Twenty-five years ago. Unbelievable.

This April, at the 75th anniversary celebration of the Final Four in Atlanta, the Katha Quinn Award will be presented to Greg Shaheen, former vice president of NCAA championships and alliances. When the title jargon was dynamited, he was the man who ran the NCAA Tournament. And he ran it very well. Unfortunately he only ran it until the last one.

There wasn't any big planned goodbye in New Orleans early last April. Shaheen left the Super Dome when the work was done on championship night. That wasn't fair in a lot of ways. If we were to check with Katha on any ground rules – she might have ordered Malcolm Moran to follow in serving as the award's caretaker – there aren't any that says the recipient must still have a working ID badge.

We can be that cutting-edge organization when called upon.

When the award is presented, there will be plenty said about why Shaheen deserved it. The biggest would be opening the tournament from the selection process (he brought the word "mock" out of mothballs) to expansion. It was his tournament and it was going to be run the right way.
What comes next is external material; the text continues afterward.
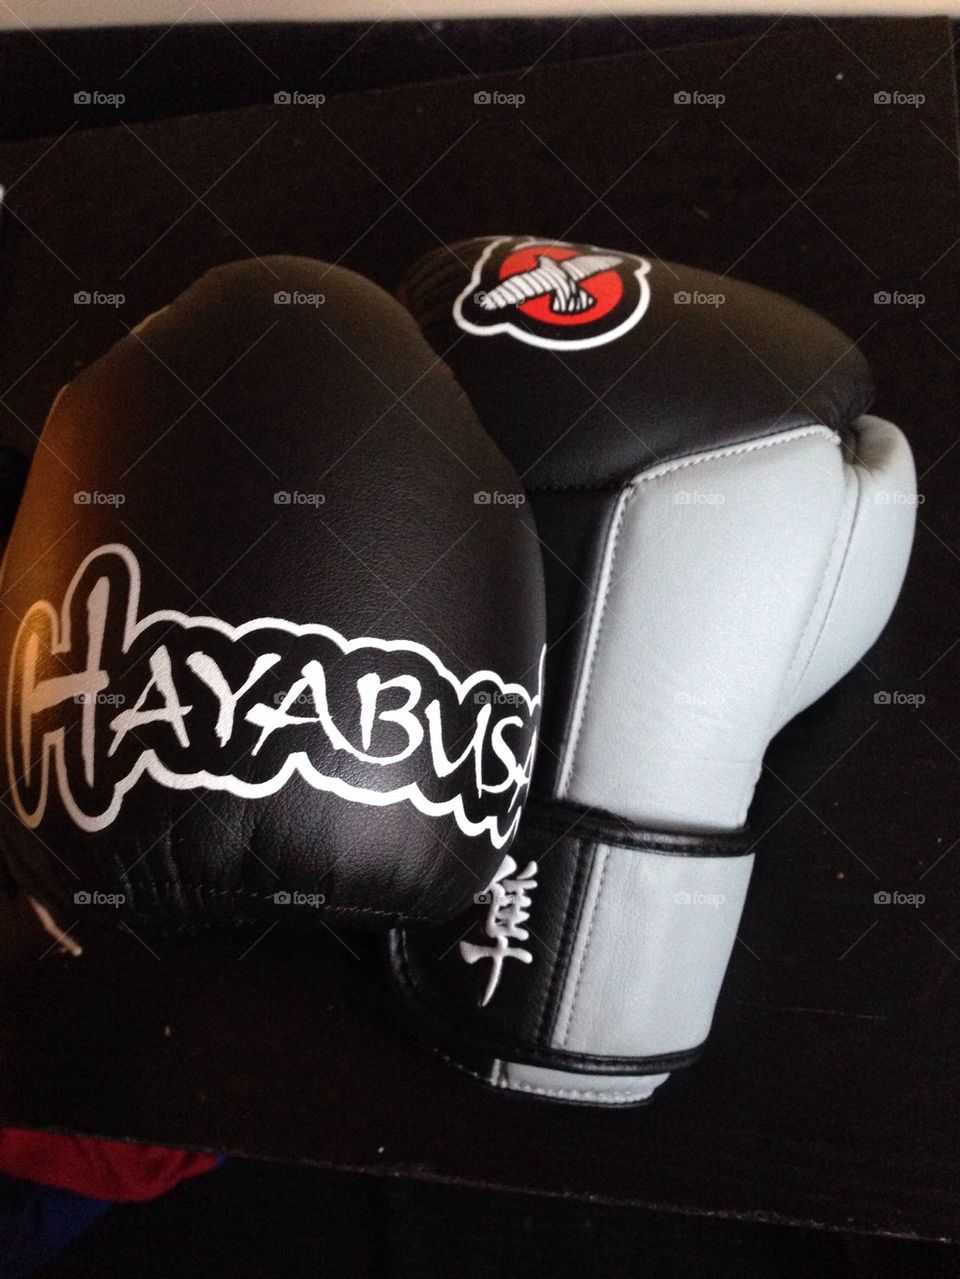 Hayabusa boxing gloves

It was always fun to watch him attack some poor soul through a cell phone over stats not being distributed properly at a site across the country.

I was about to give the details of Shaheen's early career and the stuff you read in every story like this. Not here.

Greg Shaheen is getting this award from the people he worked with, not for. Some people in the USBWA have had some great dialogues with him over the years, even one which made the ASAP transcript at the Final Four. You can't argue that he didn't at least listen and then try to help if he could. He did answer emails, some it seemed even before they were even sent. Katha Quinn and Greg Shaheen are names that should be linked. Now they are.